Friday, November 6, 2015

Own It

As published in The St. Mary's/Calvert Times (http://countytimes.somd.com)

By Ronald N. Guy Jr.

He was, initially, just the long-locked first baseman on the Philadelphia Phillies team that lost to the Baltimore Orioles in the 1983 World Series. Quite a fuss was made of this active icon but his mediocre play didn’t seem to match the verbal accolades. I suppose when you’re a kid, it’s all about the moment. There’s no concept of careers or the passage the time. And in 1983, there was no Google machine to confirm or deny the legend. So…history, schmistory.

I didn’t set eyes on Pete Rose until that ’83 Series. I was 10. He was 42. In the years to come I’d learn about his “Charlie Hustle” moniker (a hard-nosed style reminiscent of the old Rocking Chair softball league), his bulldozing of Ray Fosse in the 1970 All-Star Game and The Big Red Machine. I witnessed his astonishing MLB record 4,192nd hit in 1985 and came to understand - even appreciate - the obvious chip on his shoulder and the wealth of Donald Trump-like arrogance that made it all possible.

In 1989, Rose was infamously banned from baseball by Commissioner Bart Giamatti for betting on the game. Despite his fervent denial and appeals to two subsequent Commissioners (Fay Vincent and Bud Selig), the ban remains. I believed Rose for a long time. I read his book My Story and shook the man’s hand after he autographed it in the early 1990s. The 10-year-old child in us doesn’t die easily.
He was, as is now known, a spectacular liar, one fueled by the same pride that made him MLB’s “Hit King”. In 2004, Rose admitted to betting on the Reds to win while he was manager; earlier this year, evidence indicated that he bet on baseball as an active player. Yet Rose, robbed of his baseball identity and no doubt driven by the need for Hall of Fame immortality, continues his quest for reinstatement. Rose met with new Commissioner Rob Manfred last week; a decision is anticipated by year’s end.

Let him in. Why not? Yeah, he’s unethical. A liar. A violator of baseball’s golden rule. But isn’t a 25-year penance enough? And frankly, MLB applying a Puritan code on Rose wreaks of hypocrisy. Its “sacred” Hall of Fame is already filled with miscreants. Cap Anson helped establish the color barrier by refusing to play with African Americans. Commissioner Kenesaw Mountain Landis perpetuated baseball’s segregation for decades (Jackie Robinson finally integrated the sport three years after Landis’s death). Orlando Cepeda was incarcerated for drug smuggling. Gaylord Perry made a career out of doctoring the baseball. Babe Ruth was a drunk and a womanizer. And Willie McCovey pleaded guilty to tax evasion. All are enshrined in Cooperstown.

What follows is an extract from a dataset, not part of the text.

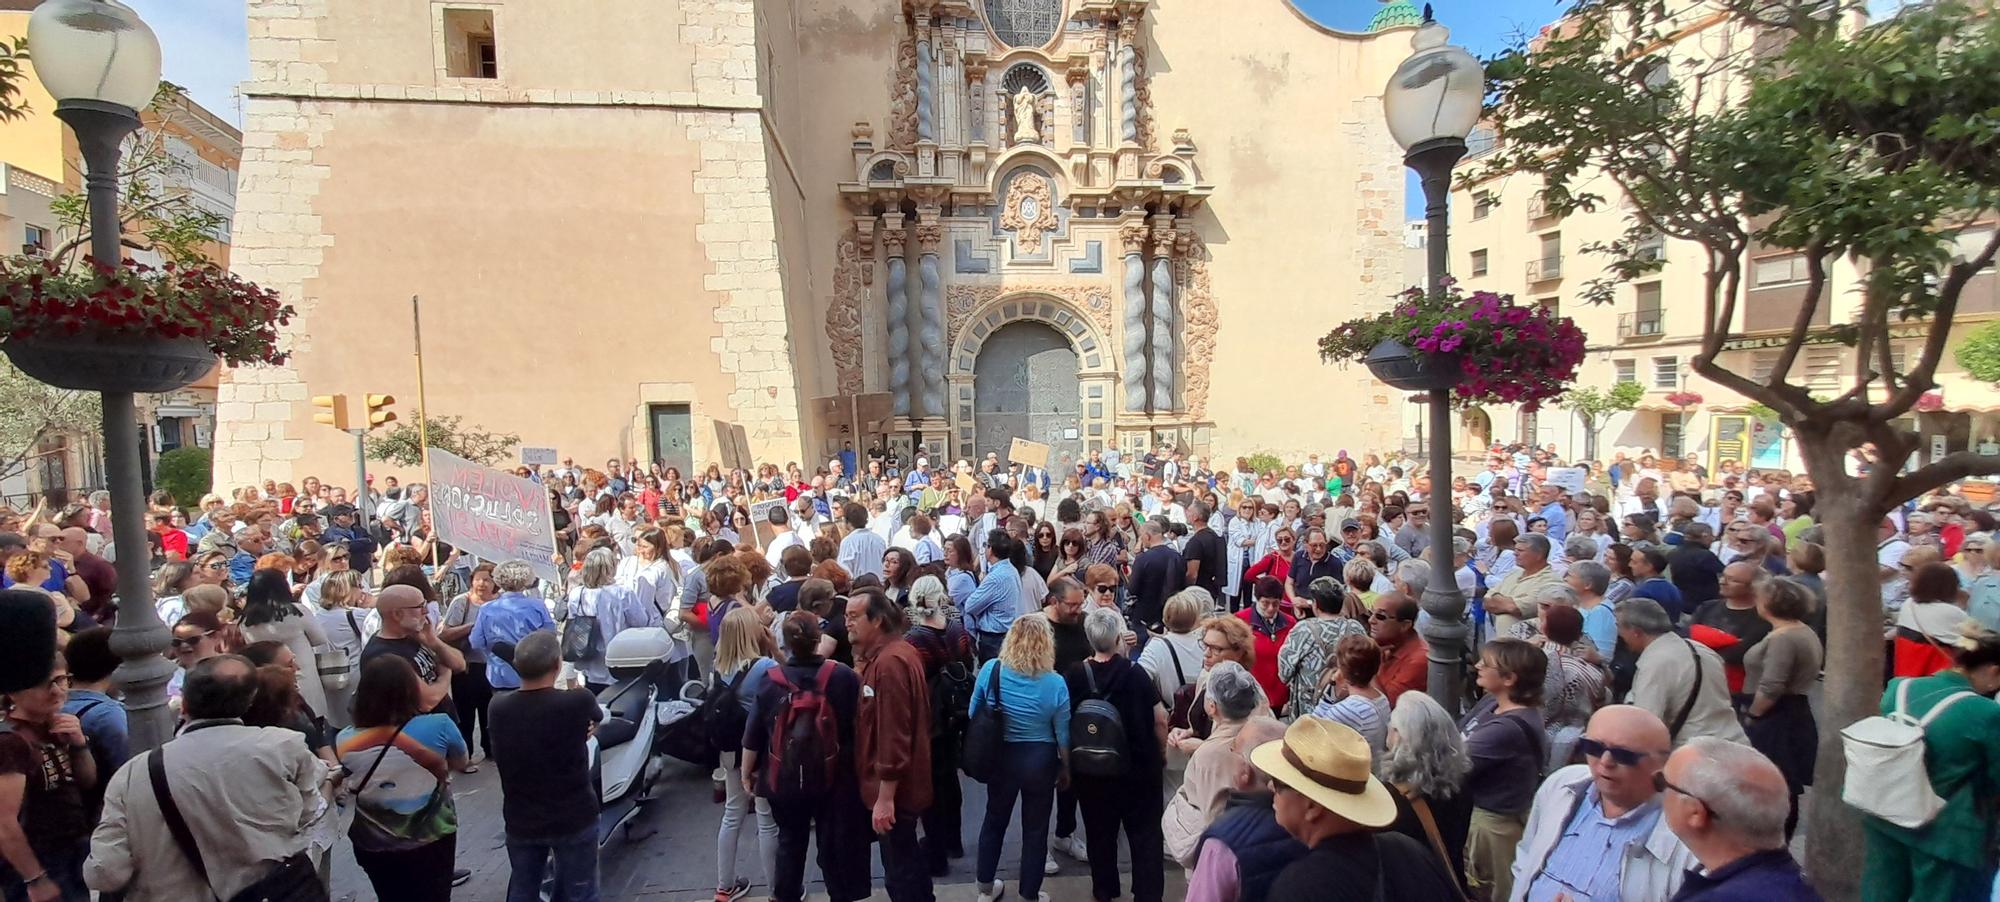 Fotos de la multitudinaria manifestación en Vinaròs para defender "una sanidad pública digna"

Where was baseball’s high moral standard, its reverence for the sanctity of the game, during the steroid era? Comparing crimes is difficult, but isn’t gambling – Rose’s sin – abhorred because it compromises competition? Doesn’t the presence of hulked up players capable of artificially-enhanced performance do the same thing? Why not let them all in? Excluded, Rose and the juicers are pariahs. With Hall of Fame passes, their baseball accomplishments and sins can be properly documented. Tattoo their baseball immortality with well-earned scarlet letters: “S” for steroid users, “G” for Rose the gambler. 

How will Manfred rule at Rose’s parole hearing? The bet (pardon the pun) is he remains banned. Regardless, Rose’s predicament is his own doing, the byproduct of pervasive, ego-fueled deceit. For decades Rose clung to his act, admitting the truth only after hard evidence exposed his charade. The purposeful concealment compounded the transgression and didn’t allow America to indulge its compulsive need to forgive (particularly the sins of its favorite sons). Had Rose just owned his error in 1989 and overturned every uncomfortable stone in his checkered past, he’d be back in the public’s good graces and would likely be a member of the Hall of Fame.


Despite all his on-field accomplishments, that – the brutal consequences from his lack of personal ownership and genuine remorse - is what the “Hit King” has taught that 10-year-old boy in the 32 years since their introduction. A melancholy “thanks” to you, Mr. Rose.